> **WHAT NEEDS TO BE DONE**: Pictures aside, every line of the listing should be given again exactly.

> **DATA SECTION**:
=-=-=

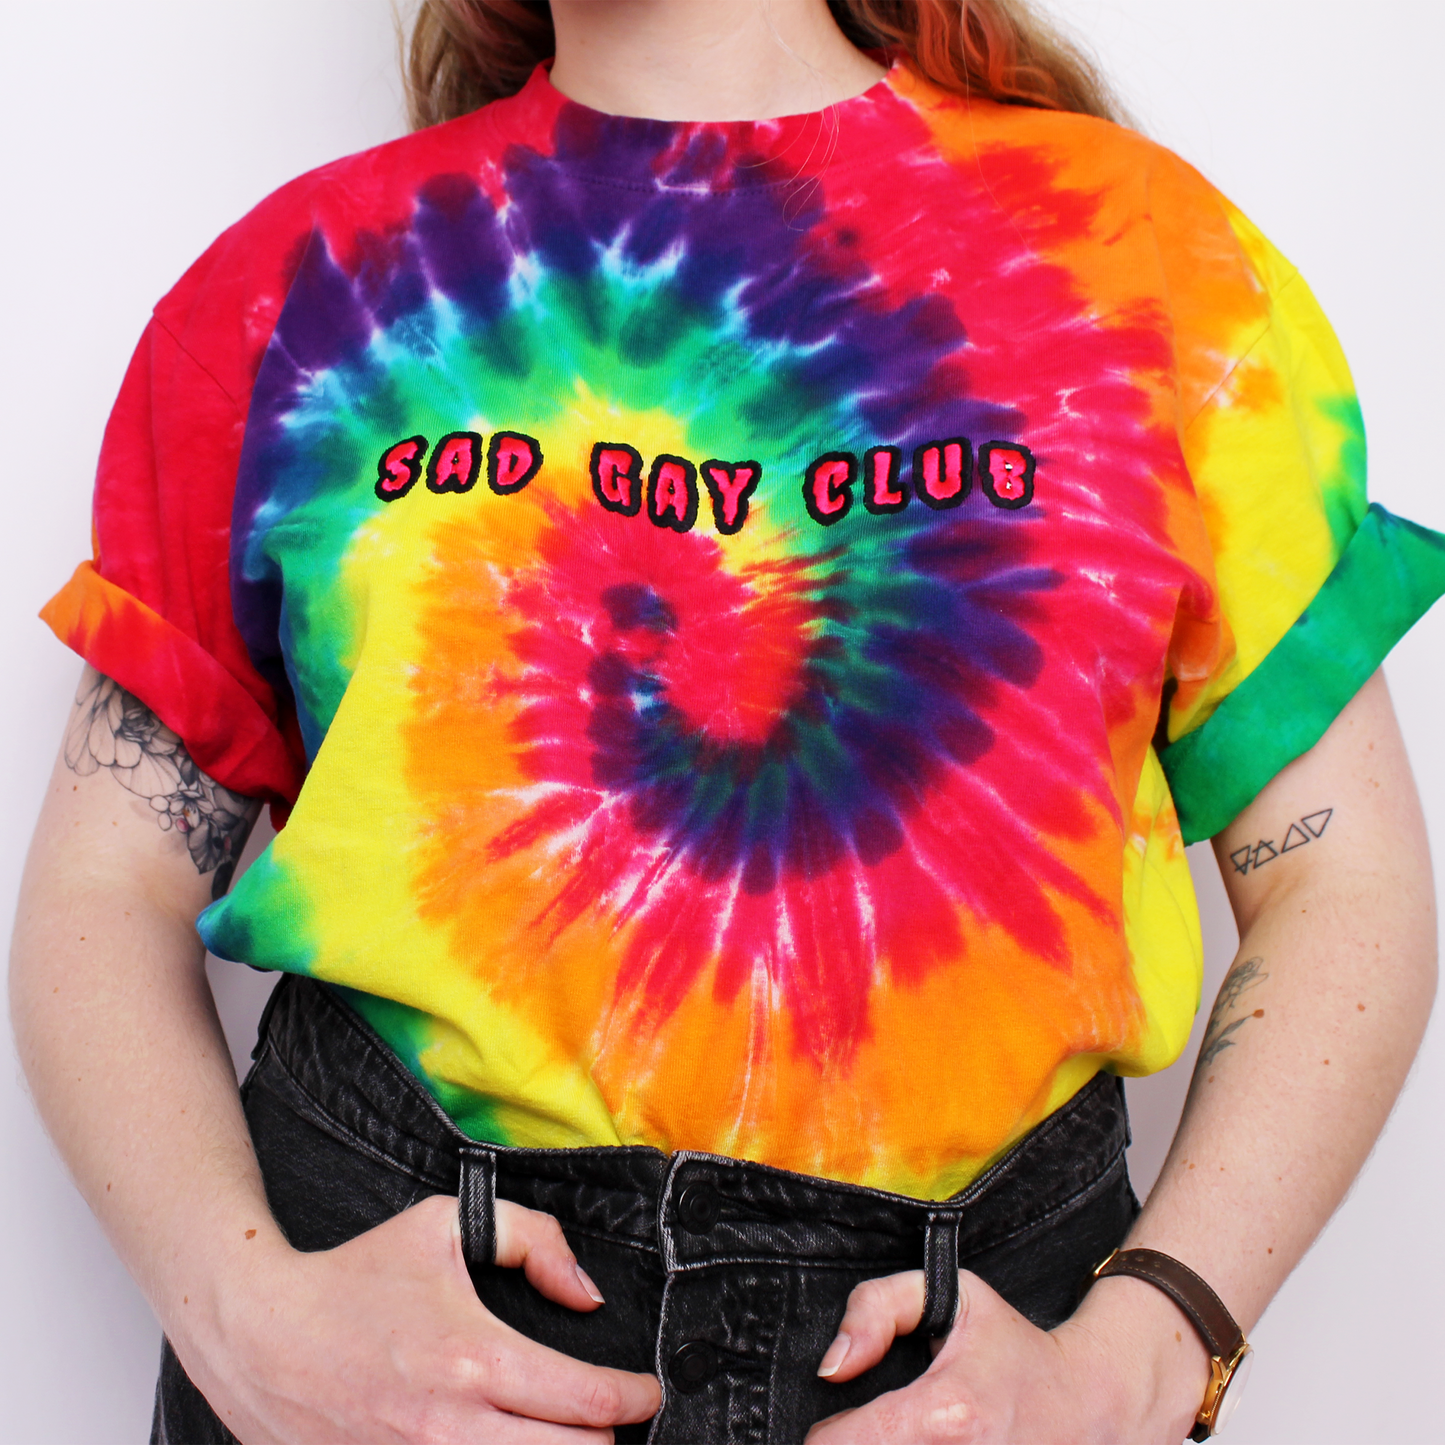 Sad Gay Club Tie-Dye Tee
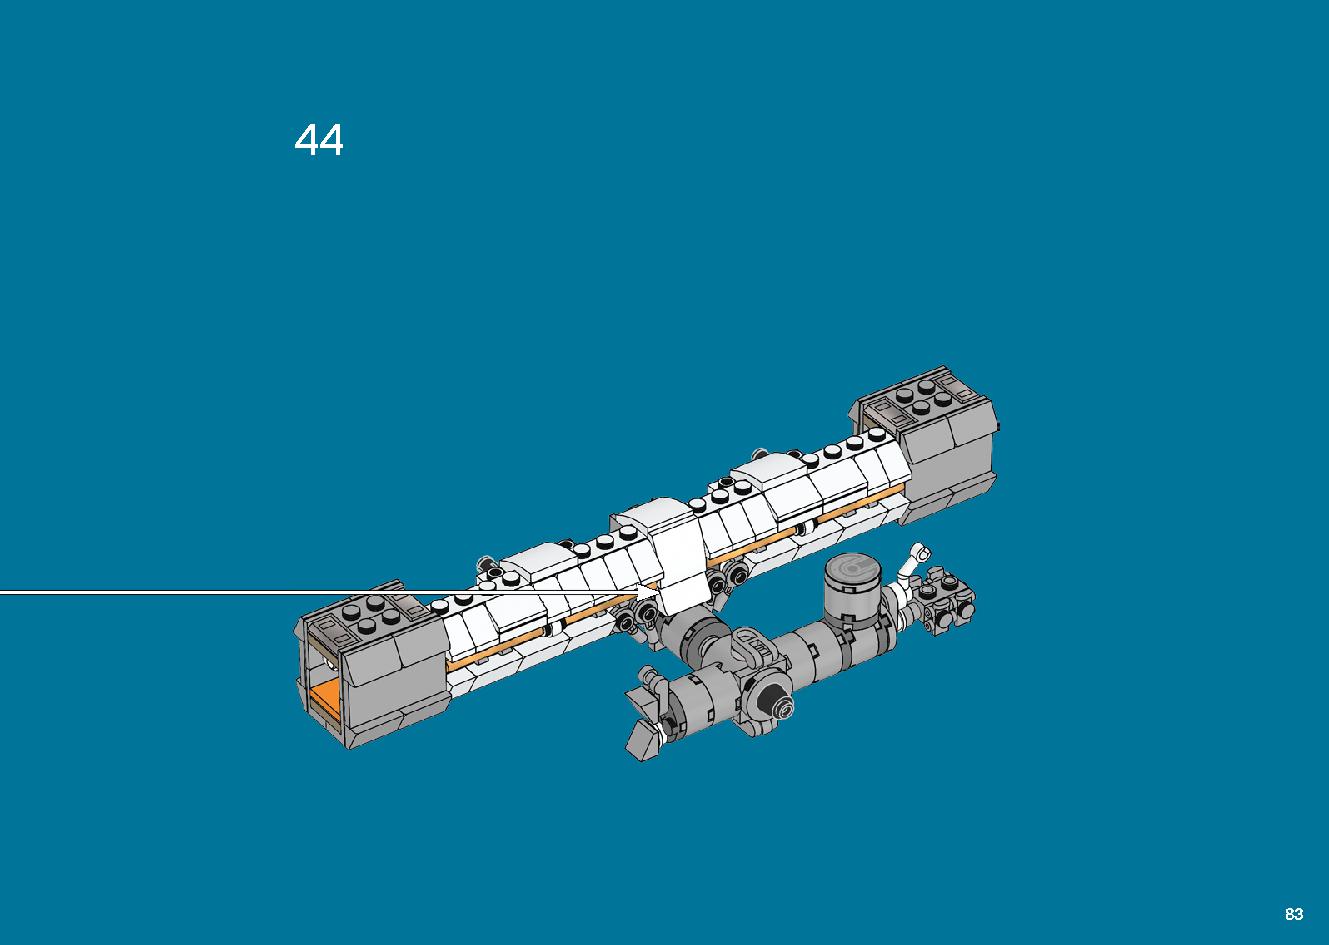 International Space Station 21321 レゴの商品情報 レゴの説明書・組立方法 83 page
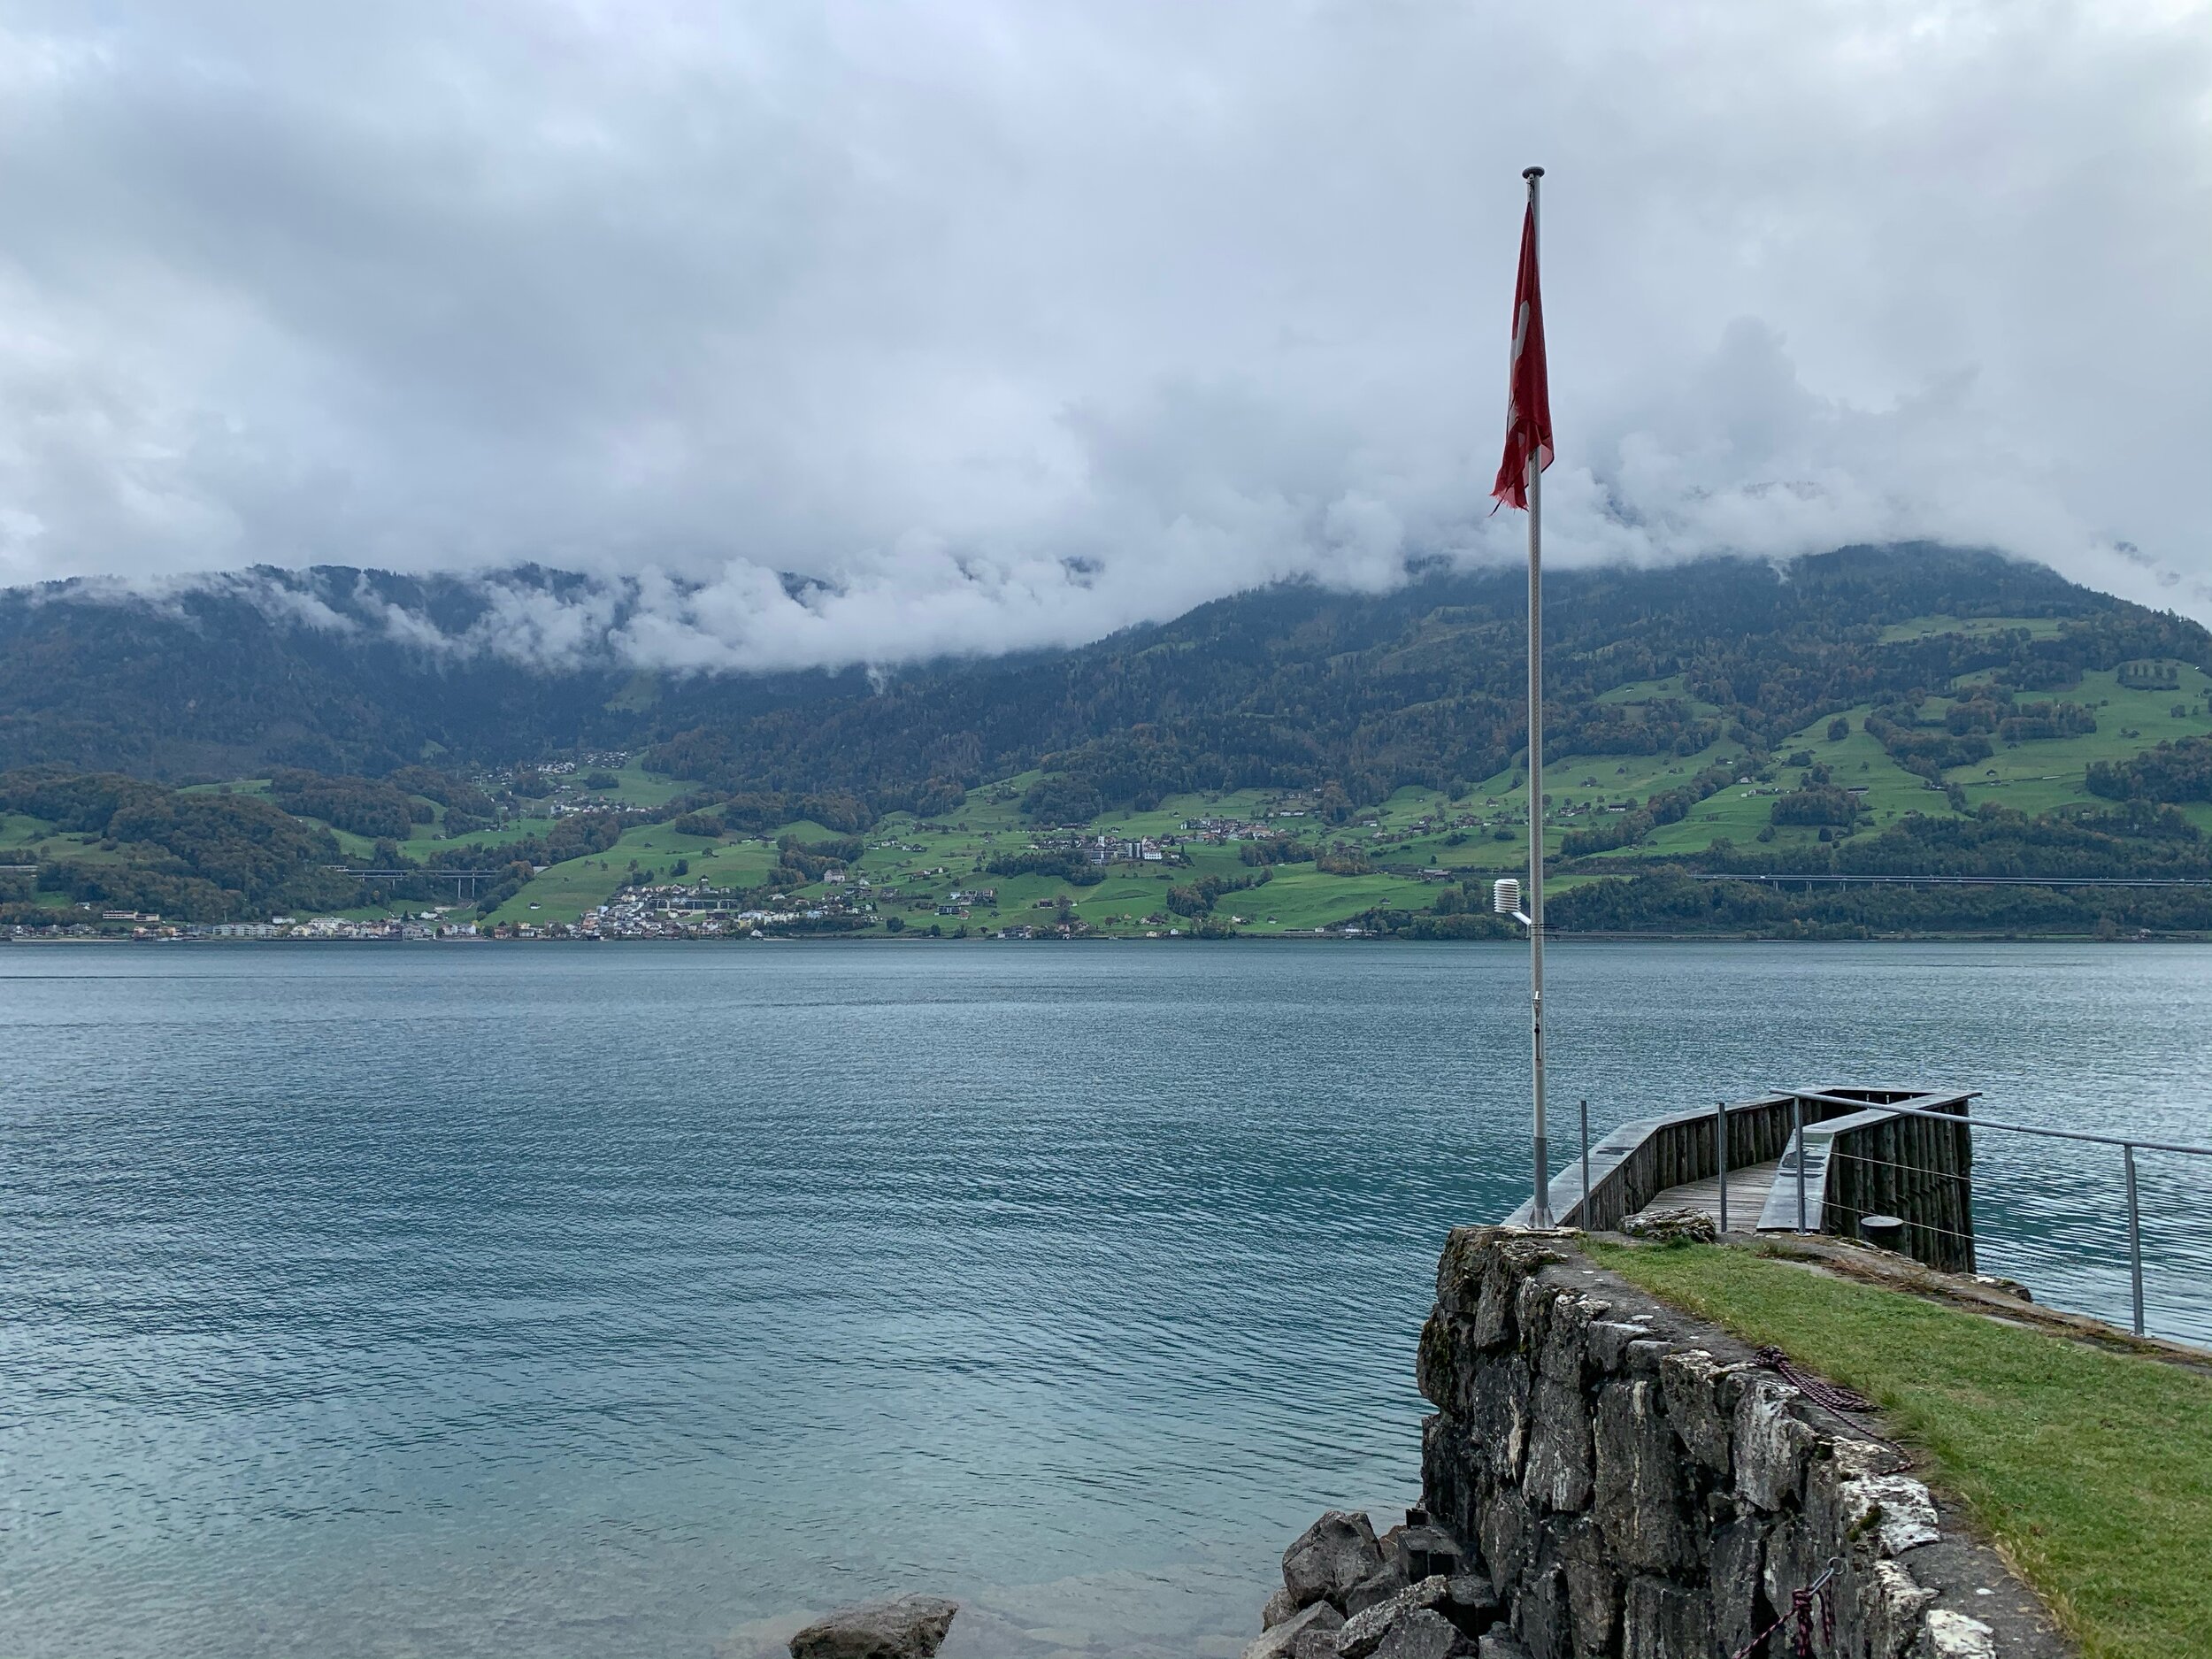 MeteoHelix lake front home weather station at Switzerland wine yard

=-=-=

> **PROBLEM SOLUTION**:
 Sad Gay Club Tie-Dye Tee
 International Space Station 21321 レゴの商品情報 レゴの説明書・組立方法 83 page
 MeteoHelix lake front home weather station at Switzerland wine yard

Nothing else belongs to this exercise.